The duality in nature is what provides us with context.  Those deep still pools in juxtaposition with rushing waters are both our internal and external landscape on a daily basis.  What I mean by this is that without both there is not contrast which provides meaning. These elements are the conditions of our journey that we struggle with.  Our day unfolds with the act of us spilling our coffee across the counter creating a small chaos till finally we manage our first sip savoring it as it warmly greets our tongue. The first breath of crisp green morning as we step out the door calming us is followed by the sight of Pterodactyl crap on our car because we parked under a utility pole which tweaks us. We are tossed back and forth between those things that make us happy, calm or go as expected to the opposite. There is no level that is constant it is not unlike sitting atop a surfboard I would think riding the waves. We don’t control the waves but we choose what to do with them.

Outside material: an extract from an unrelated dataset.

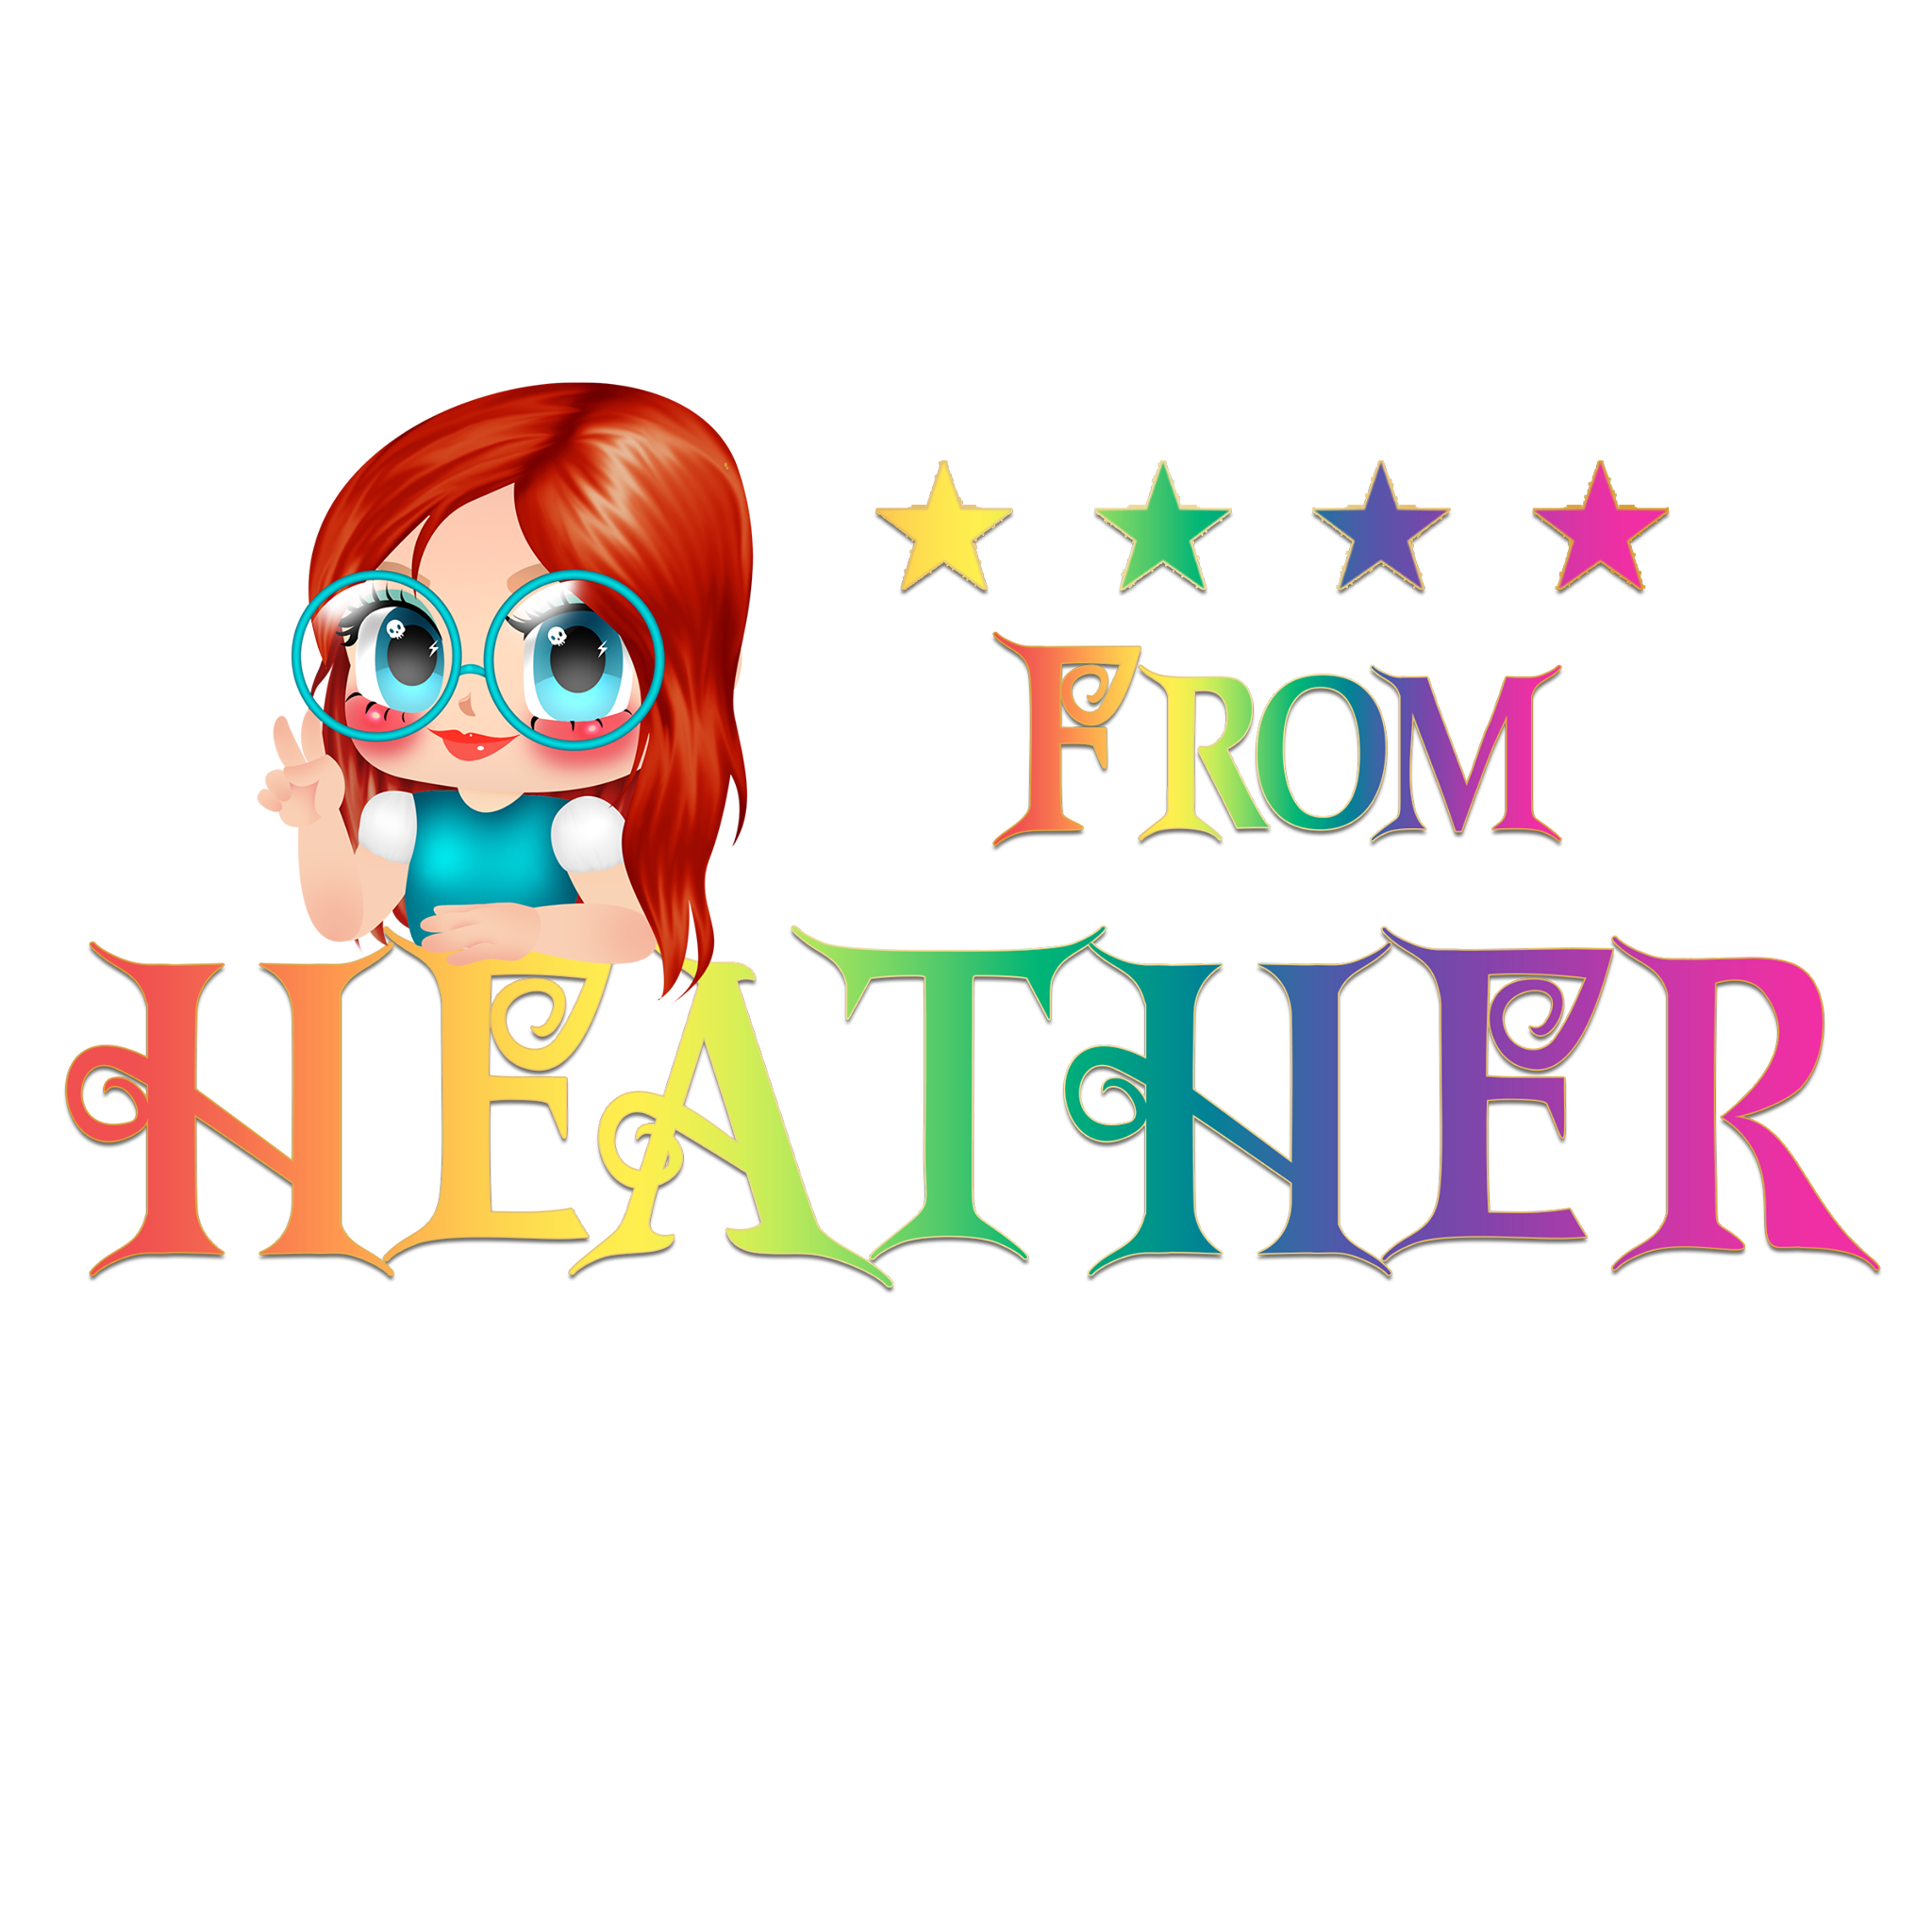 4 stars Heather

In the last few weeks I ‘ve had a number of conversations regarding creativity, life’s purpose, art, love and the proximity of these concepts to each other. That the duality between faith and fear and how they ride shotgun in all the arenas we work and play. That our position between those markers of faith and fear is reflected in how we live our life, create art or make dinner. It mirrors our openness and is essentially our valve for creating risk and vulnerability in what we do and who we are. Like the waves it is mutable. Whether we choose to open it wide in creating a painting but close it down when someone we have feelings for gets too close. We can choose to be great at things that don’t matter to us, excel at what holds little, to no value but be afraid to venture into places that do. Places we value so much that our perceived failure will cut too deep and reveal our frailty and inadequacy to the world and worse to ourselves.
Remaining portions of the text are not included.